Interventi dietetici in persone con obesità e diabete di tipo 2
90 pazienti sono stati randomizzati in un rapporto 1:1:1 nei gruppi IER, TRE o CER, con un apporto calorico settimanale rimasto lo stesso in tutti i gruppi. Un team di nutrizionisti ha monitorato l’intervento di 16 settimane. Dei partecipanti arruolati, 63 hanno completato lo studio. Si trattava di 18 donne e 45 uomini con un’età media di 36,8 anni, una durata mediana del diabete di 1,5 anni, un BMI basale di 31,7 kg/m² e un livello di HbA1c del 7,42%. Al termine dello studio, non sono state riscontrate differenze significative nella riduzione dell’HbA1c e nella perdita di peso tra i gruppi IER, TRE e CER. Tuttavia, la riduzione assoluta dei livelli di HbA1c e del peso corporeo è stata maggiore nel gruppo IER.

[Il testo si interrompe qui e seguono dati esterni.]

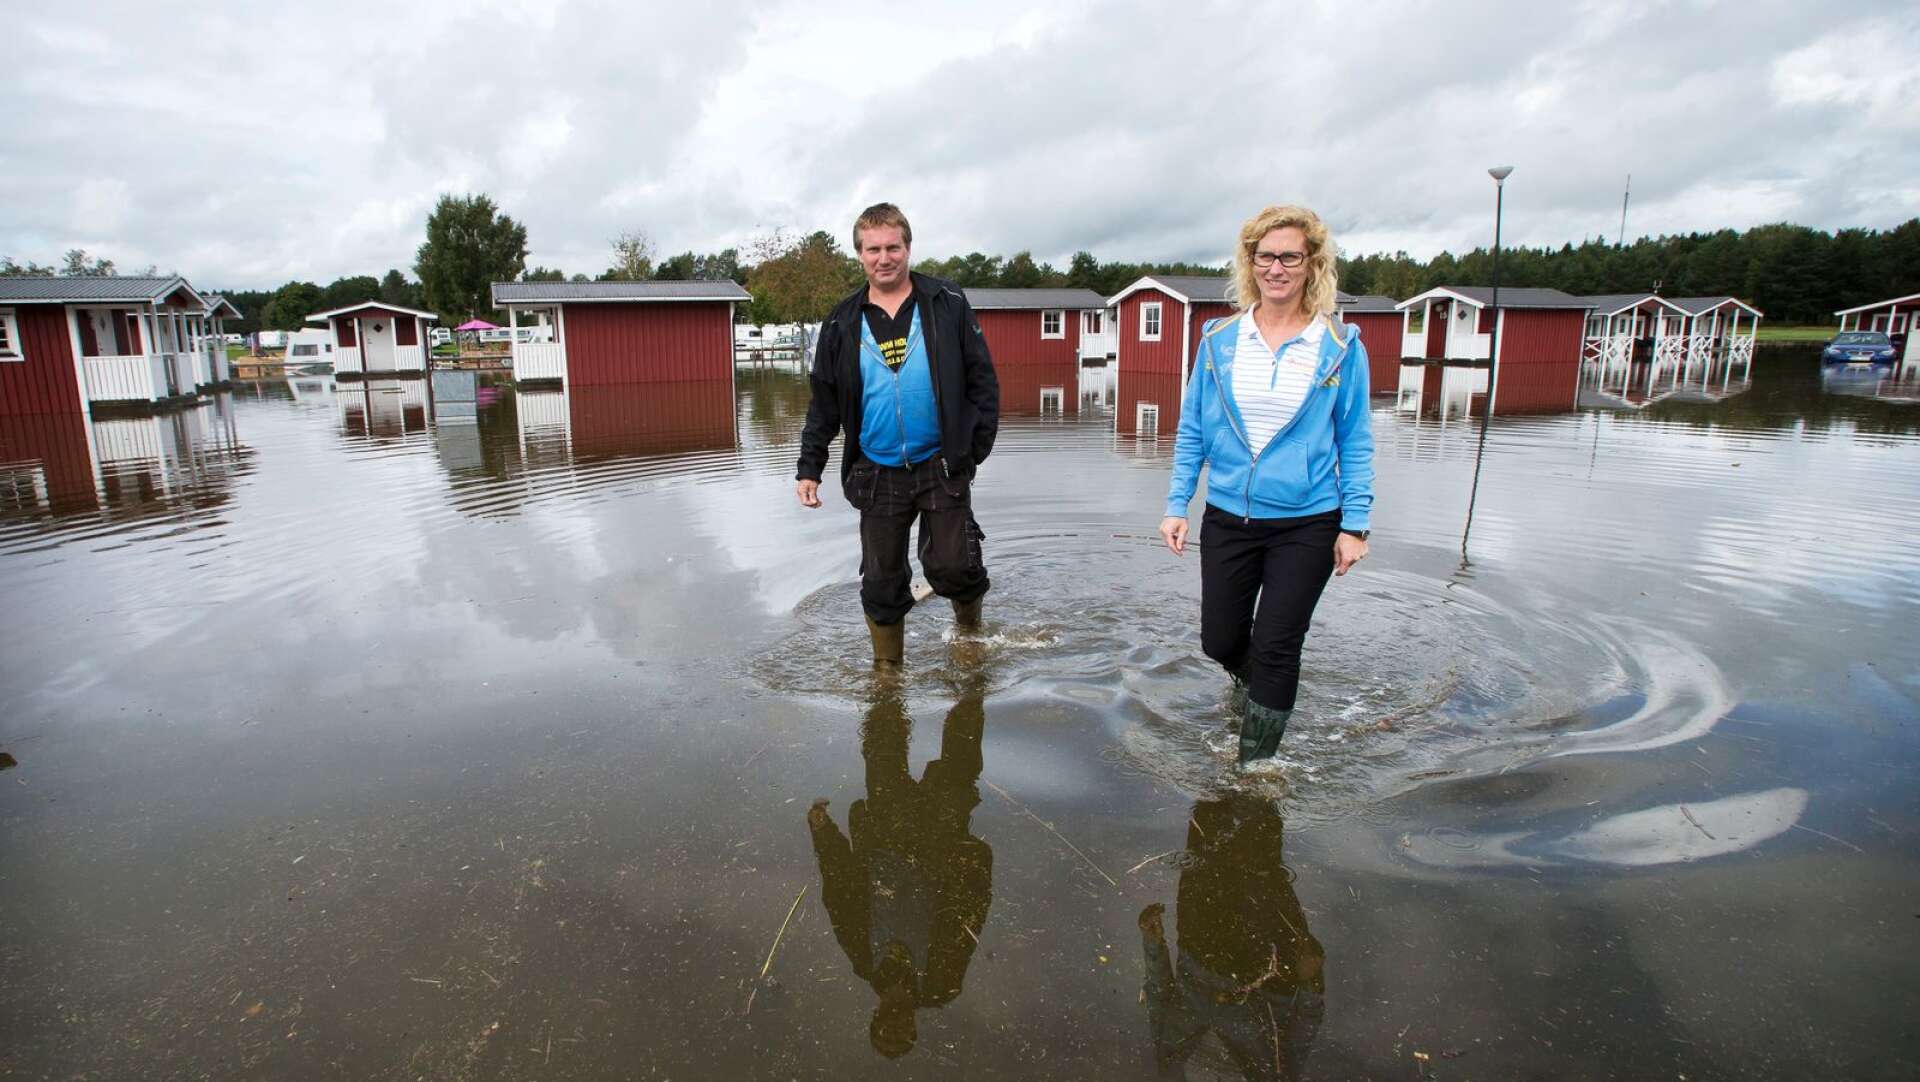 Ett skyfall i augusti 2014 ledde till omfattande översvämningar vid campingen och stugbyn på Skutberget, berättade First camps platschef Jeanette Eriksson.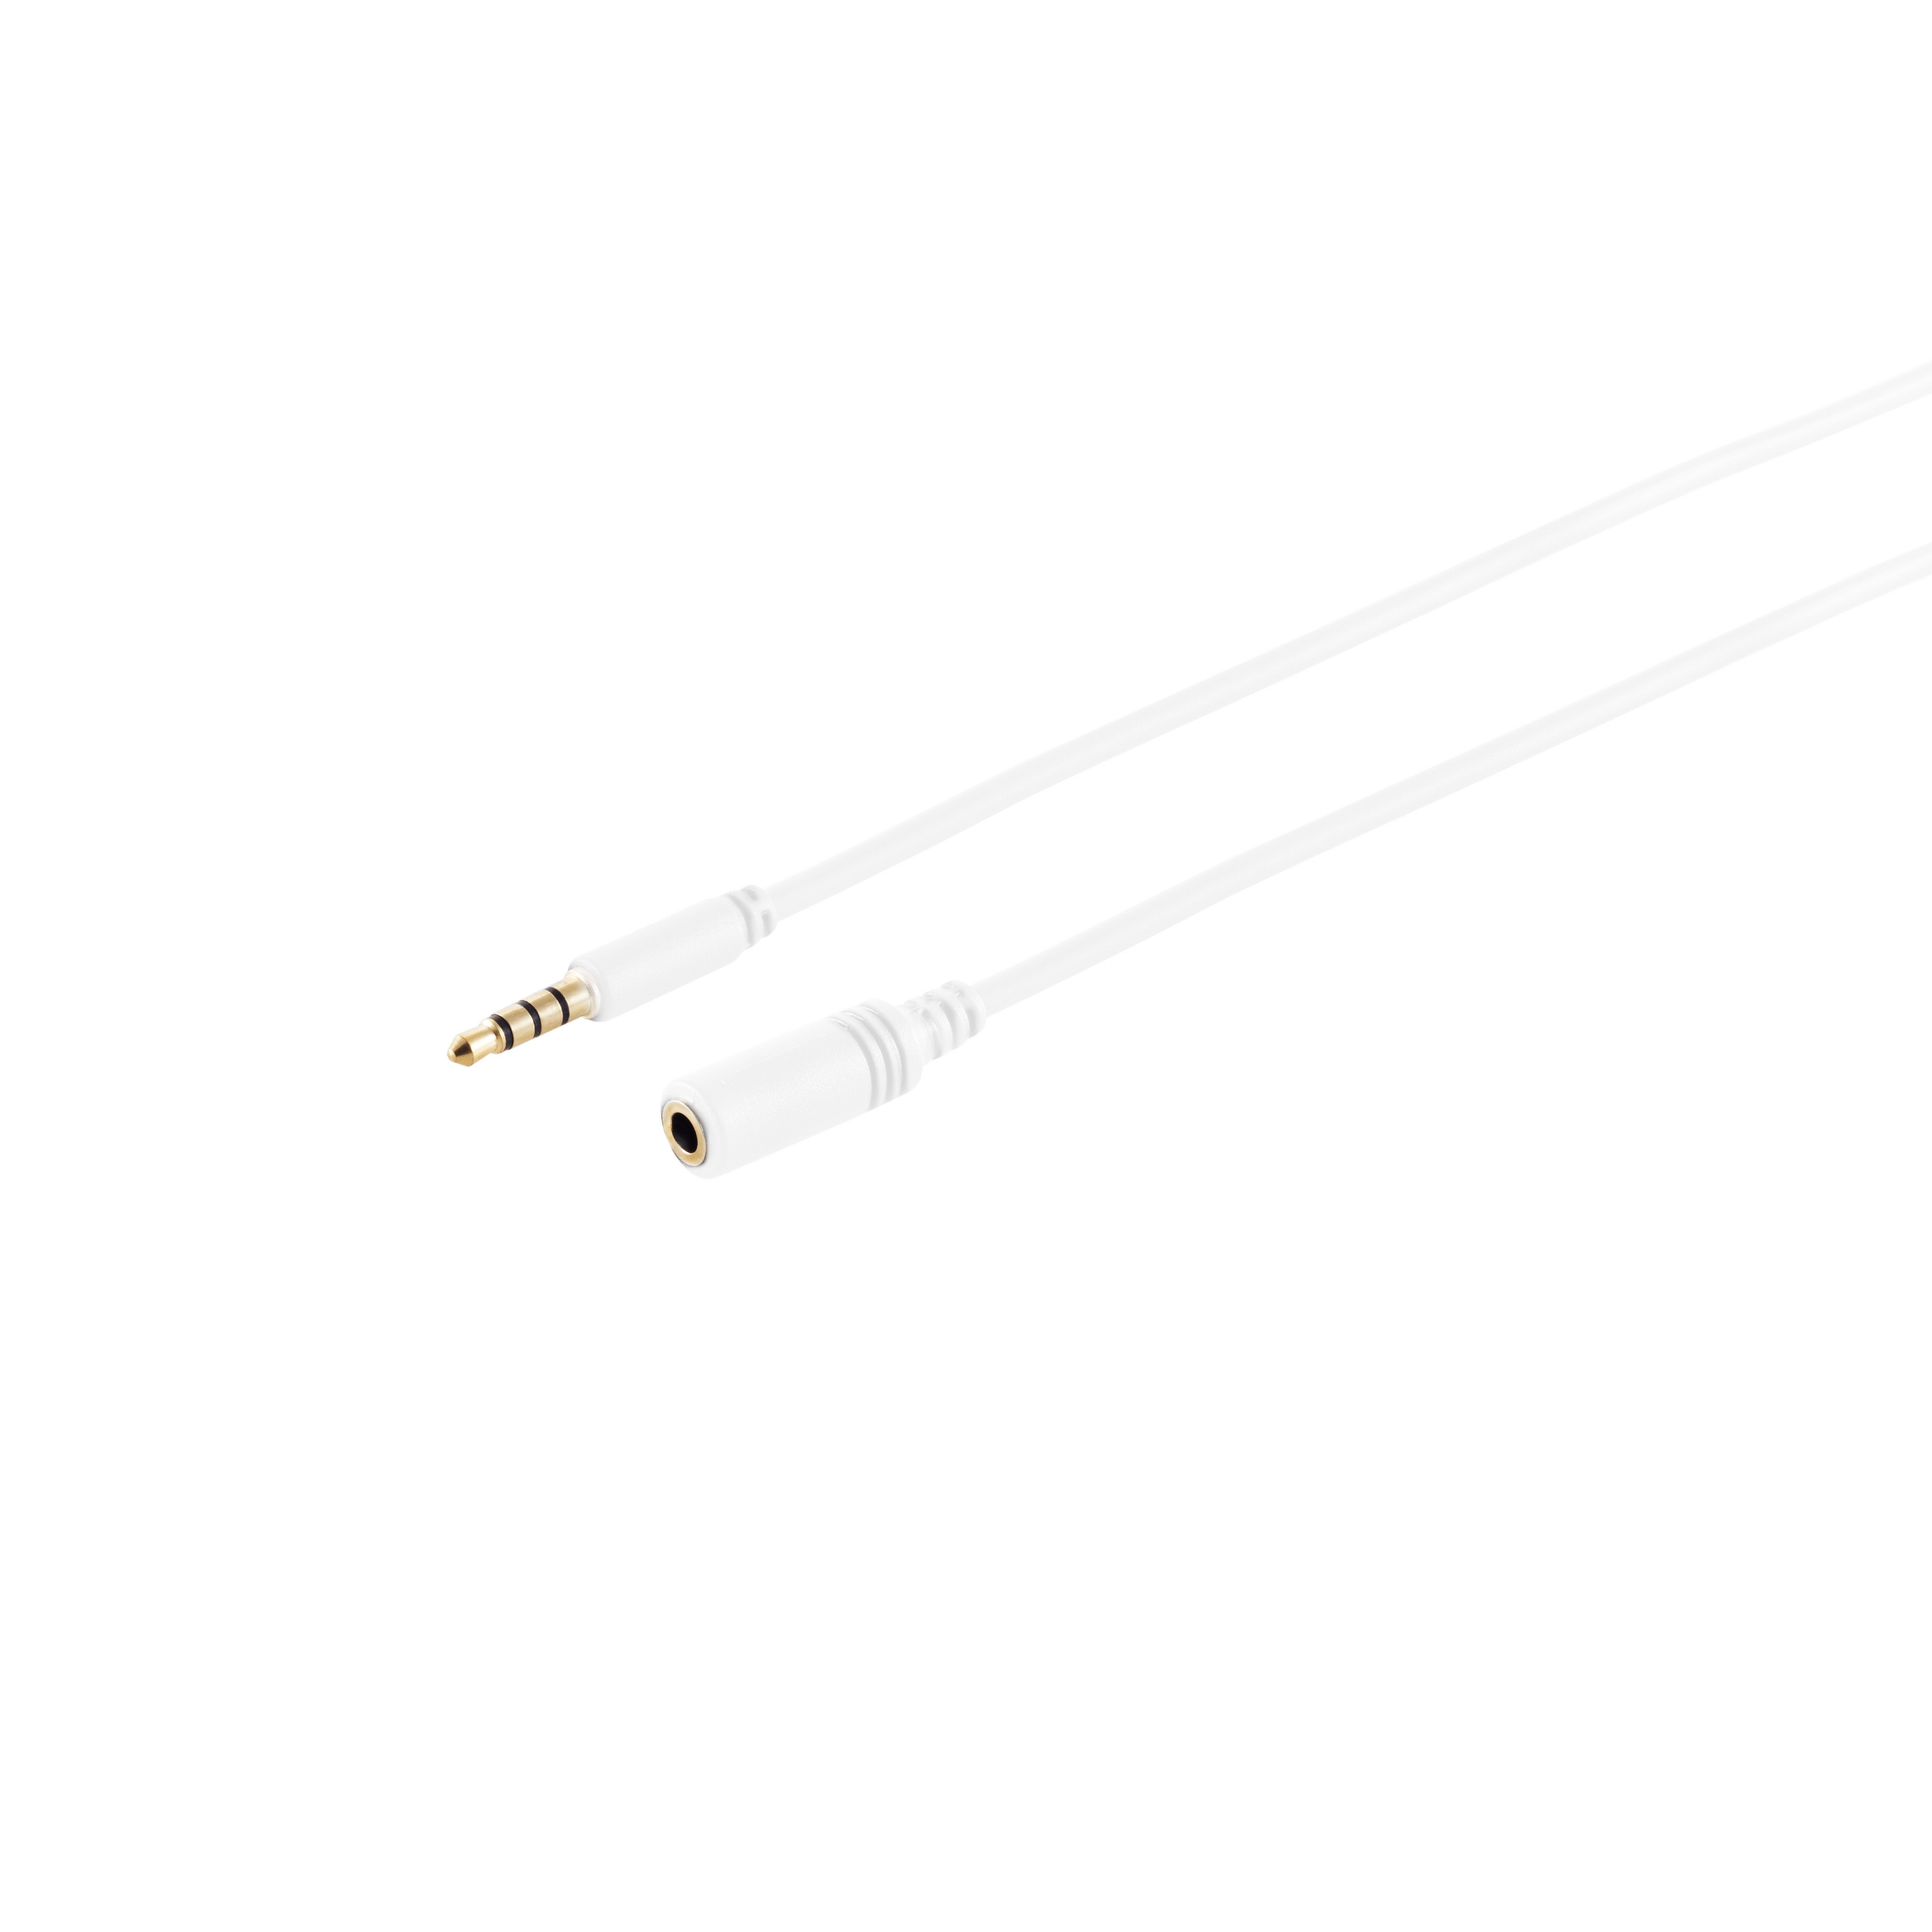 KABELBUDE 4-pol, 3,5mm m weiß, verg. 0,50 Klinkenverlängerung, Stecker/Buchse, 0,5m

Rispetto a TRE e CER, l’IER ha ridotto significativamente la glicemia a digiuno e i trigliceridi e ha aumentato l’indice di Matsuda, una misura della sensibilità all’insulina di tutto il corpo. I livelli di acido urico e degli enzimi epatici non hanno mostrato variazioni statisticamente significative rispetto al basale in nessun gruppo di studio. Due pazienti nel gruppo IER e nel gruppo TRE, così come tre pazienti nel gruppo CER, hanno manifestato una lieve ipoglicemia. Il gruppo IER ha mostrato la più alta aderenza al trattamento (85%), seguito dal gruppo CER con l’84% e dal gruppo TRE con il 78%. Sia il gruppo IER che quello CER hanno mostrato differenze statisticamente significative rispetto al gruppo TRE. Zhang ha affermato che questi risultati sottolineano la fattibilità e l’efficacia degli interventi dietetici nelle persone con obesità e diabete di tipo 2.